Toutes ces réformes planifiées, le gouvernement a bien l’intention de les mener, conforté par le caractère peu offensif de la classe ouvrière actuellement, comme a pu le montrer la lutte isolée à la SNCF. Si la bourgeoisie développe des attaques d’une telle ampleur, c’est aussi parce que l’État français doit poursuivre la modernisation de son appareil productif afin de soutenir sa compétitivité dans l’arène d’une guerre commerciale de plus en plus exacerbée et agressive face à ses concurrents, tant à l’échelle européenne que mondiale. Dans ce but, l’État doit absolument continuer à “dégraisser” son budget et ainsi faire baisser sa dette publique. Cela ne peut qu’avoir de profondes répercussions sur les conditions de vie de tous les prolétaires. Même si ce gouvernement a peu d’expérience sur la question sociale, la bourgeoisie reste vigilante et s’appuie encore avec confiance sur un encadrement syndical efficace, bien que ces derniers demeurent, eux-aussi, soumis à des luttes d’influence et de cliques en leur sein. Certains, comme FO par exemple, radicalisent déjà leur discours en vue des luttes prochaines afin de mieux stériliser toute forme de réflexion et de contestation dans la classe ouvrière.

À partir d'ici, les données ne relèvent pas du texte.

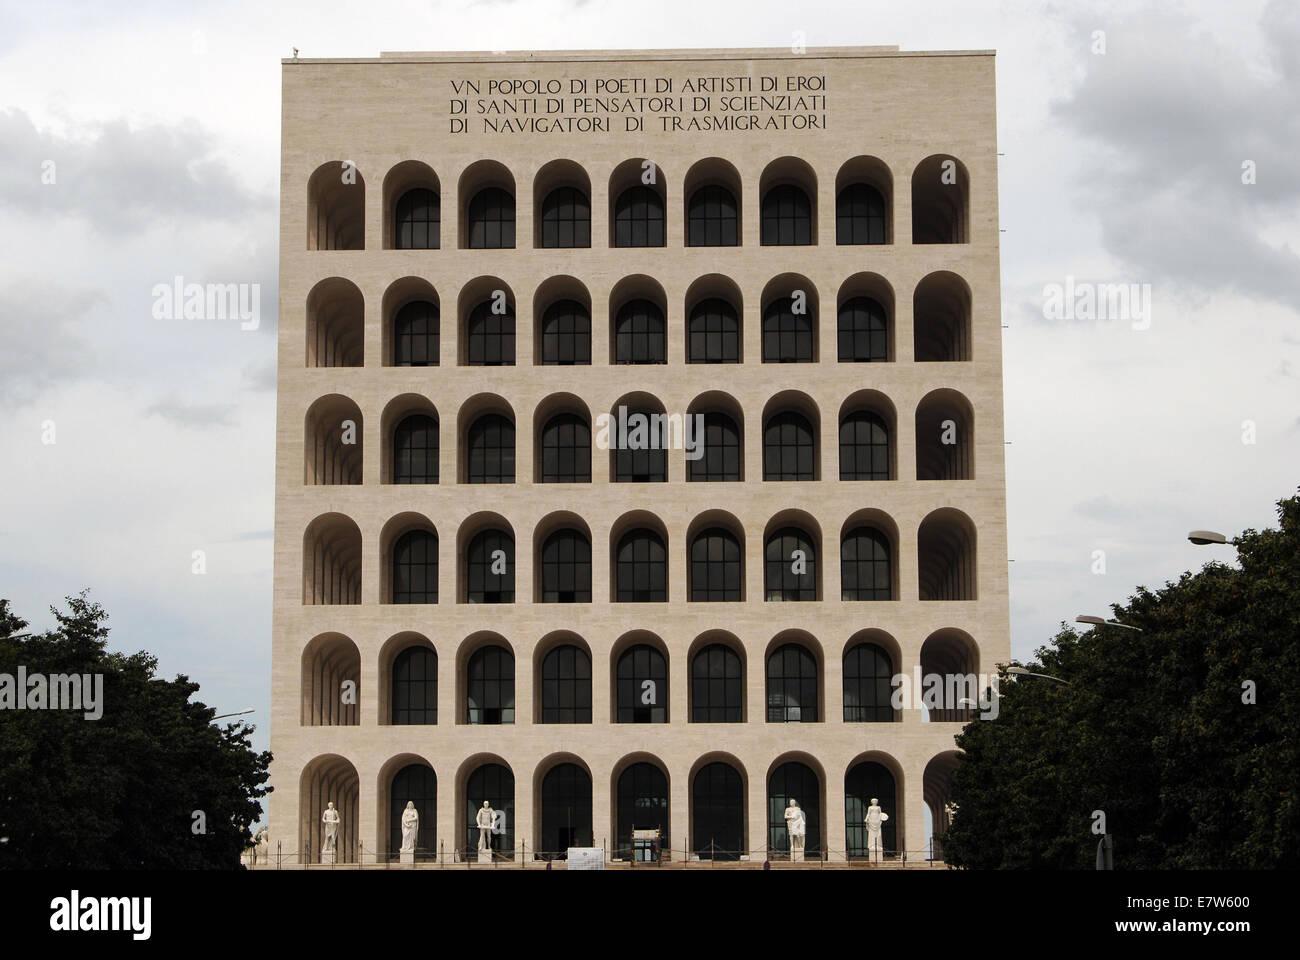 Coliseo Cuadrado (Palazzo della Civilta Italiana). Construido entre 1938-1943 por Guerrini, Lapadula y Romano. Exterior. Imagen De Stock

De fait, avec Macron aux commandes, la réalité de l’exploitation capitaliste n’a pas changé et ne changera pas. Ce sera comme toujours de pire en pire ! Si sa crédibilité politique parait fragilisée actuellement par telle ou telle affaire qui dévoile les mœurs et la nature profondément bourgeoise de cette nouvelle clique au pouvoir, cela n’entravera en rien sa capacité à porter les coups contre nos conditions de vie et de travail.
La classe ouvrière devra riposter. Pour cela, il lui faudra prendre confiance en ses forces et ses ressources, renouer avec son passé de luttes et retrouver son identité de classe, car le prolétariat tout au long de son histoire, a su faire preuve à maintes reprises de sa capacité à s’opposer aux plans de la bourgeoisie, avec détermination et combativité. Il a su démontrer qu’il était la seule classe capable de poser une alternative à l’échelle internationale à la société capitaliste et à son système d’exploitation en donnant une perspective à l’humanité : le communisme.